Have 14 recurves I've collected over 45 years. Blackwidow Smooth Draw. Don't stack up bad, super fast. don't own but shot a few. and super expensive. Another bow that is sweet. and smooth as butta pulling is a FEDORA not the hat, All hand made Look into Fedora Archery. Own 2 of them.. Great Bows.Also have a bunch of Bears and some Howatts. also a couple Indians.. AH! Hell they are all Great .. I'am just a crappy shot. Love em all I have an addiction RECURVE BOWS>> 
But HEY was hooked on hard Booze 12 years. Been sober 38 years.. No Recurve Bow hangovers yet...


----------



## TEX-O-BOB (Sep 12, 2007)

I've got six of em... Come over any time and I'll let you shoot em and you can decide for yourself if you like em or not.

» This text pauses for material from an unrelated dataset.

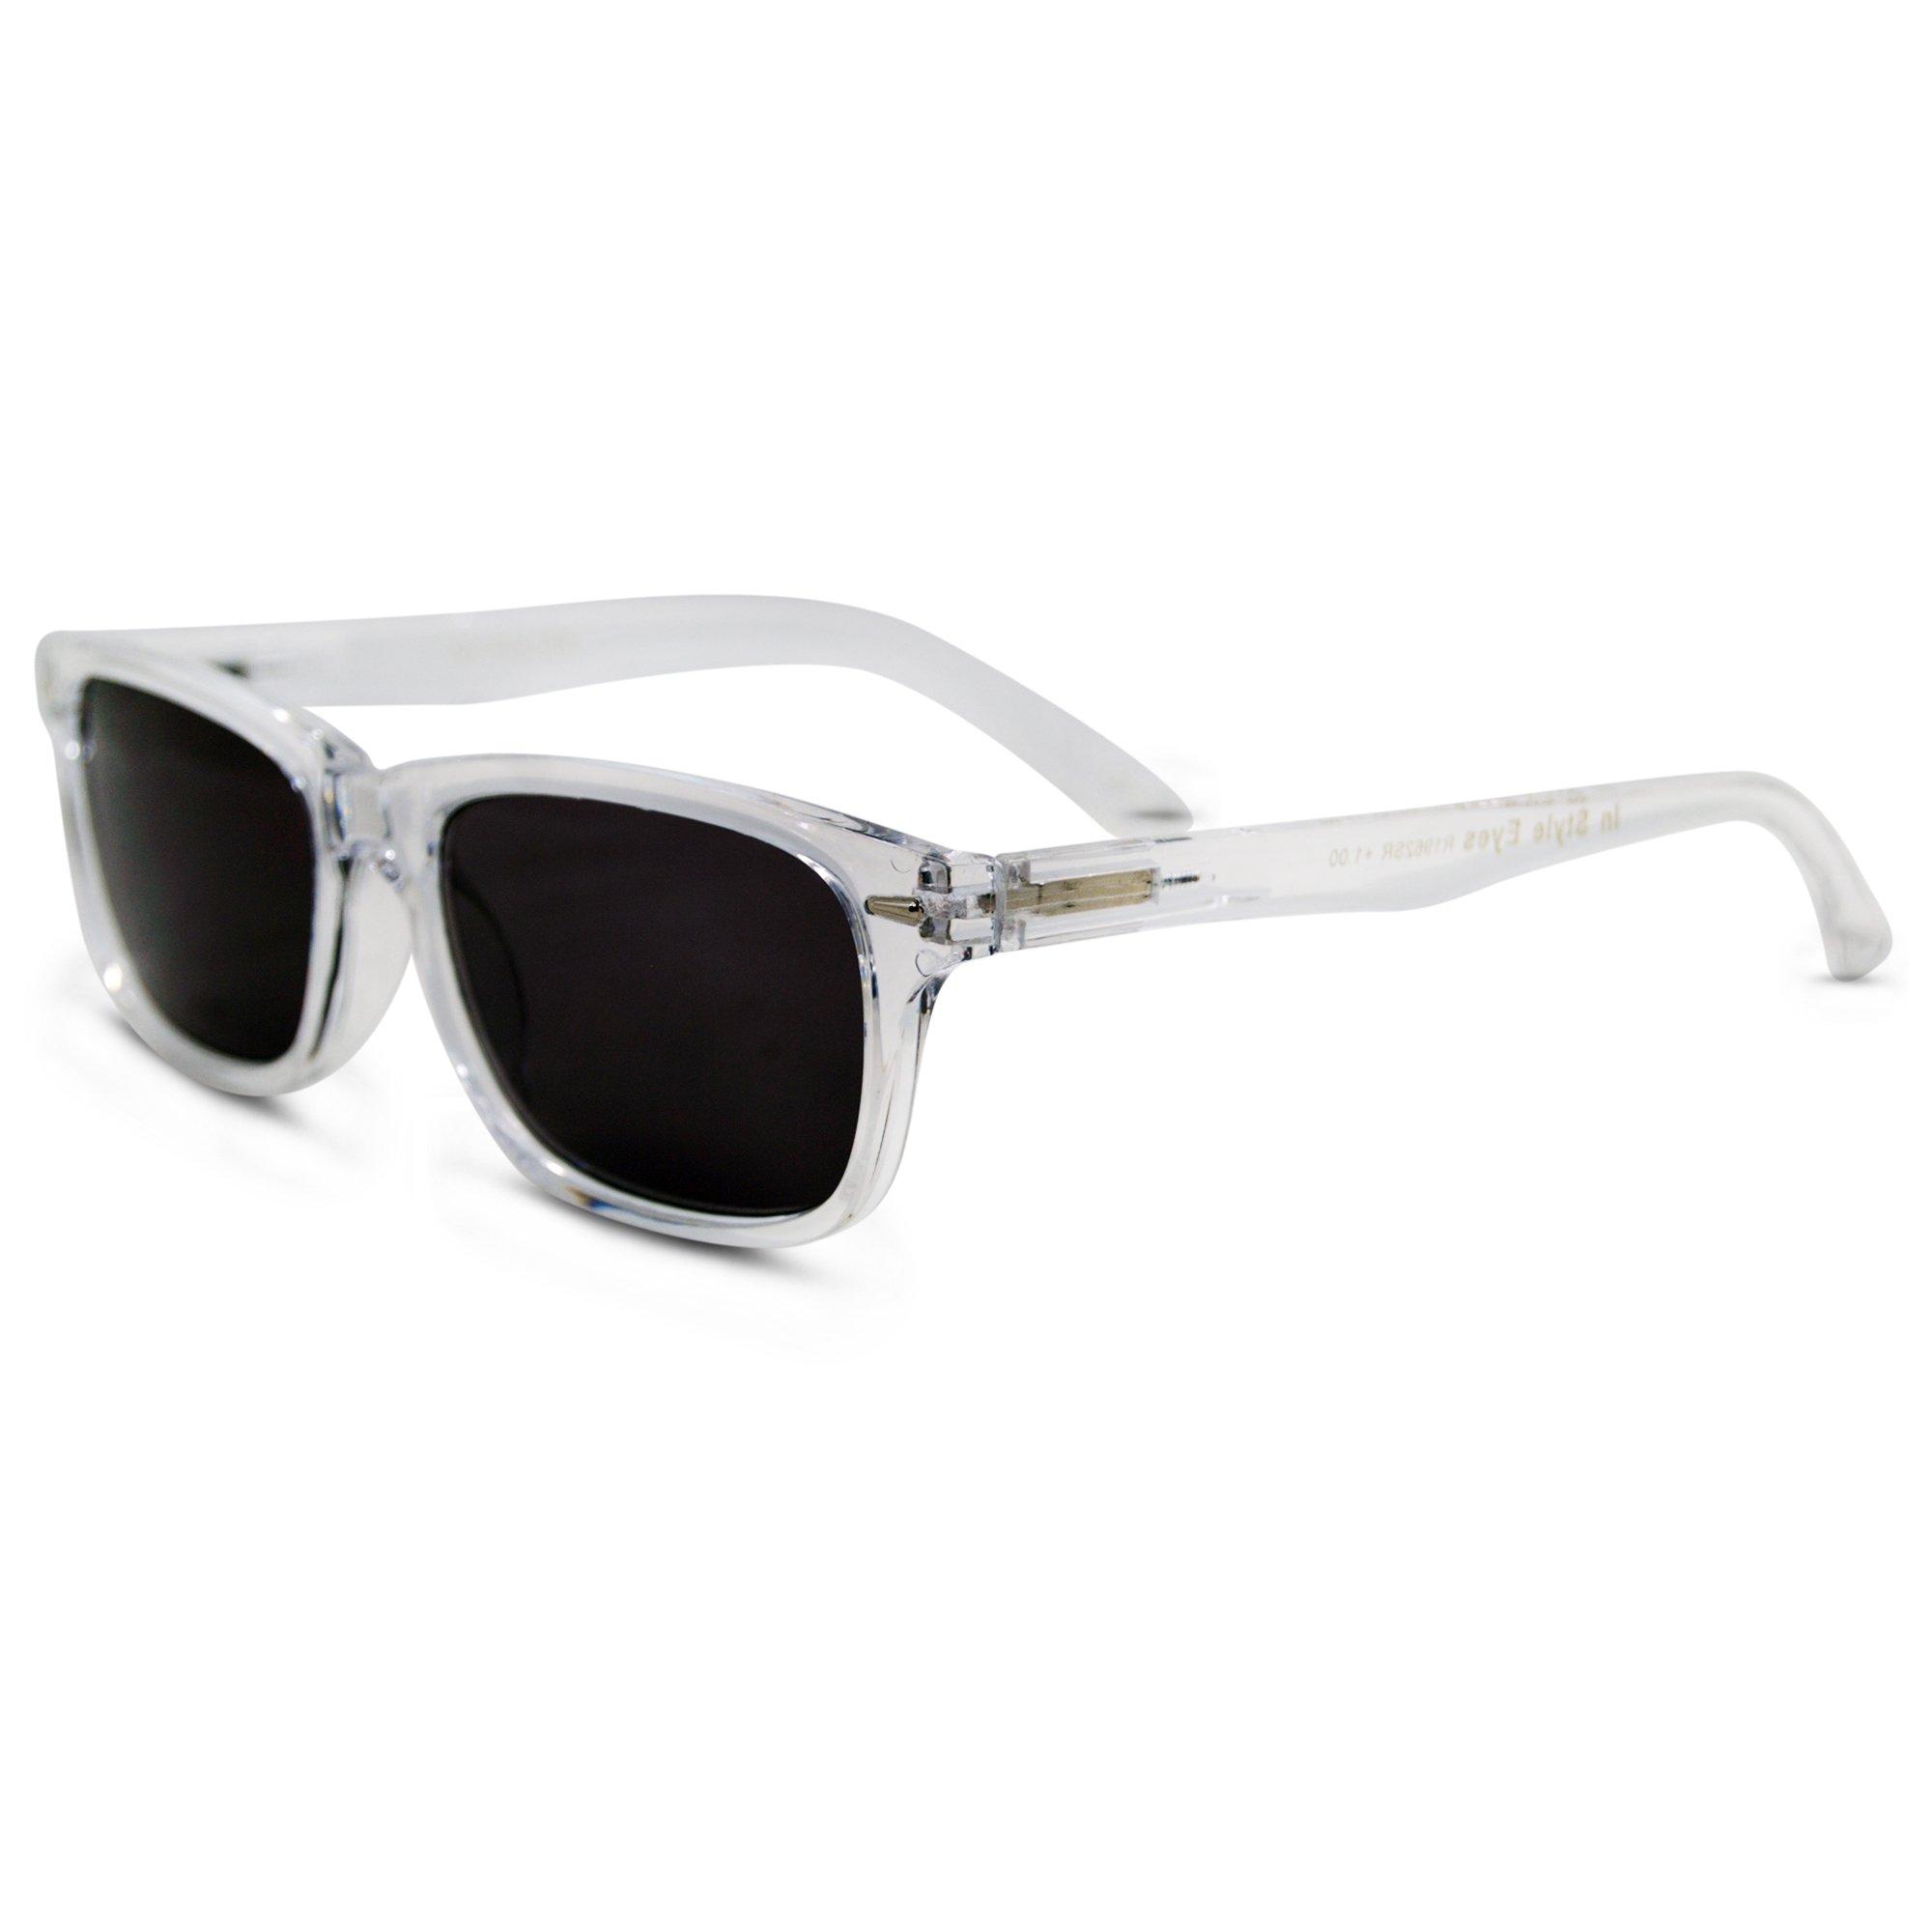 In Style Eyes Seymore Wayfarer Reading Sunglasses, NOT Bifocals Clear 3.50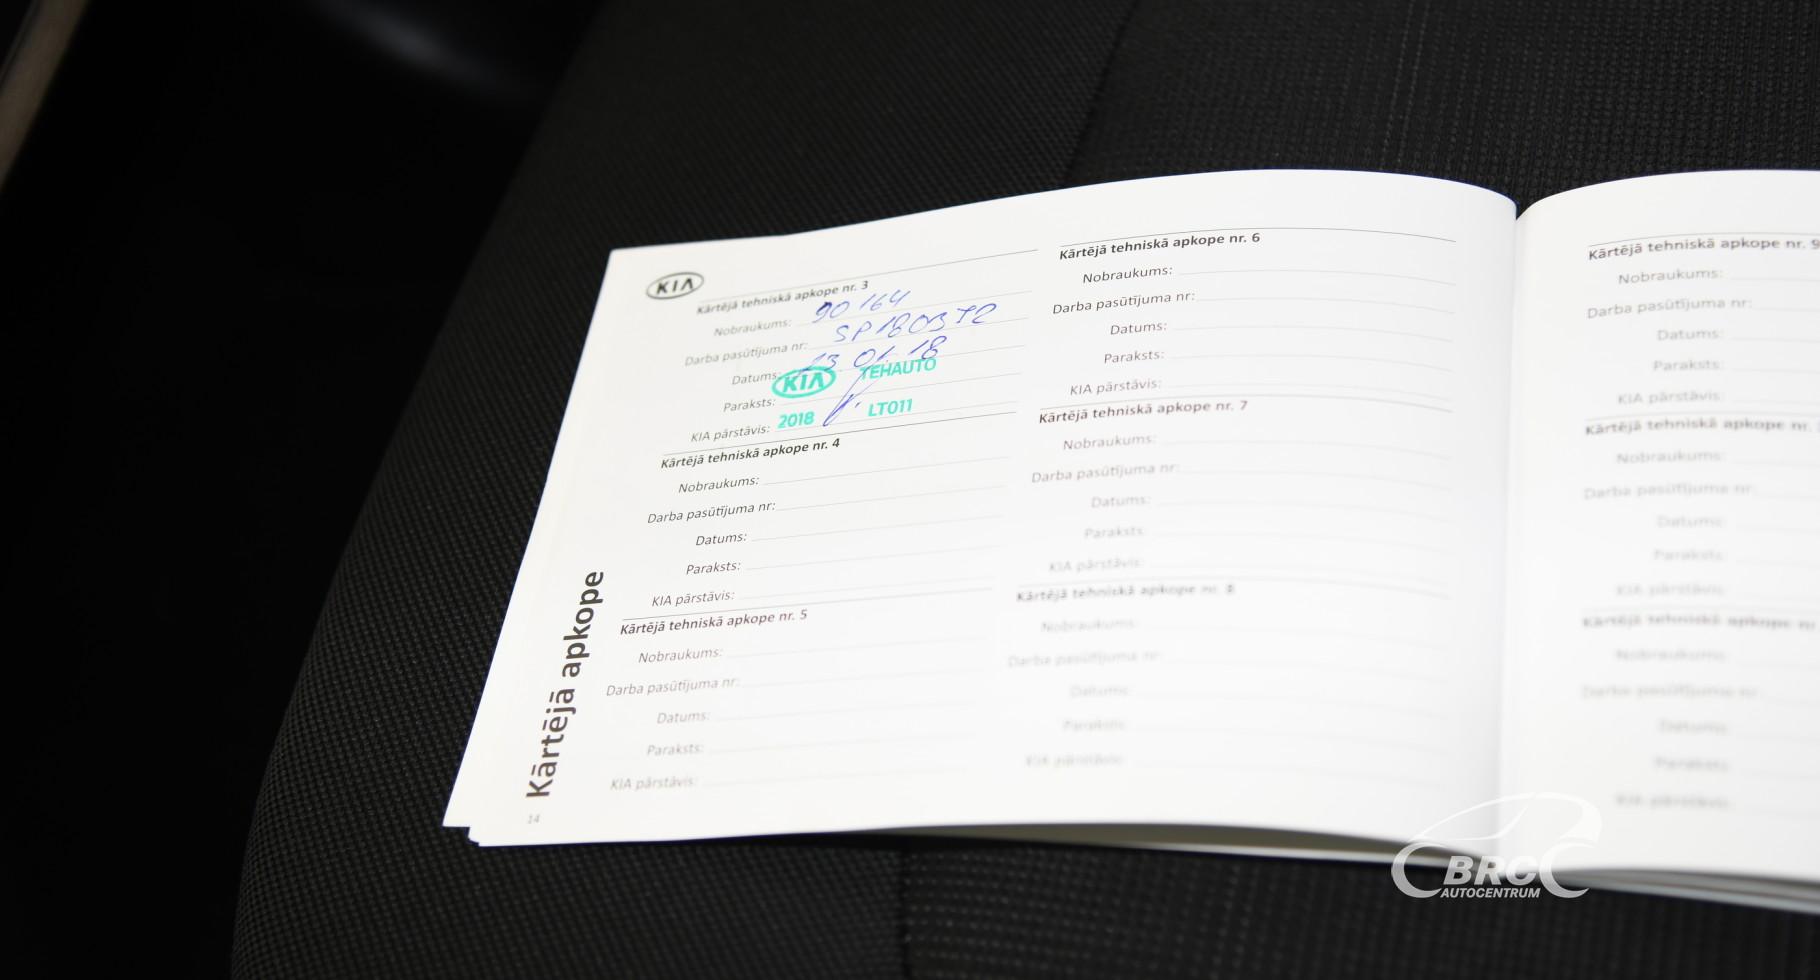 Kia Sportage 2.0 CRDI LX AWD

I've also got two Bird Bows, (soon to have three) and some other stuff that shoot really nice.


----------



## bwhntr (Sep 12, 2007)

I forgot to recommend Mike Bird. He builds awesome bows to your specs. He has built me one and is in the process of building me a second. I would recommend shooting a few of his and considering that route as well.


----------



## brucifr (Sep 18, 2012)

The best recurve bow you can buy is a J.K. Chastain Wapiti takedown. Way nicer than those crappy black widows Tex shoots. www.worldclassbows.com


----------



## TEX-O-BOB (Sep 12, 2007)

:roll: Please! The only reason you have those bows is because they're cheap and that's all the money your wife would let you spend! :lol:


----------



## bwhntr (Sep 12, 2007)

LMAO!!!!!!


----------



## brucifr (Sep 18, 2012)

TEX-O-BOB said:


> :roll: Please! The only reason you have those bows is because they're cheap and that's all the money your wife would let you spend! :lol:


Those bows are not cheap...800 minimum for a new one. Mine was cheap because I got it used...and remember...we tricked my wife into thinking that I traded that crappy samic for it.


----------



## TEX-O-BOB (Sep 12, 2007)

brucifr said:


> TEX-O-BOB said:
> 
> 
> > :roll: Please! The only reason you have those bows is because they're cheap and that's all the money your wife would let you spend! :lol:
> ...


 :O•-:


----------



## longbow (Mar 31, 2009)

I'm not fond of the 2x4 " looking riser but, good lord what a great shooting bow! In all my years of making custom bows and arrows I don't think I've made a better shooting bow than a Black widow. There I said it. You'll love shooting a Black Widow.


----------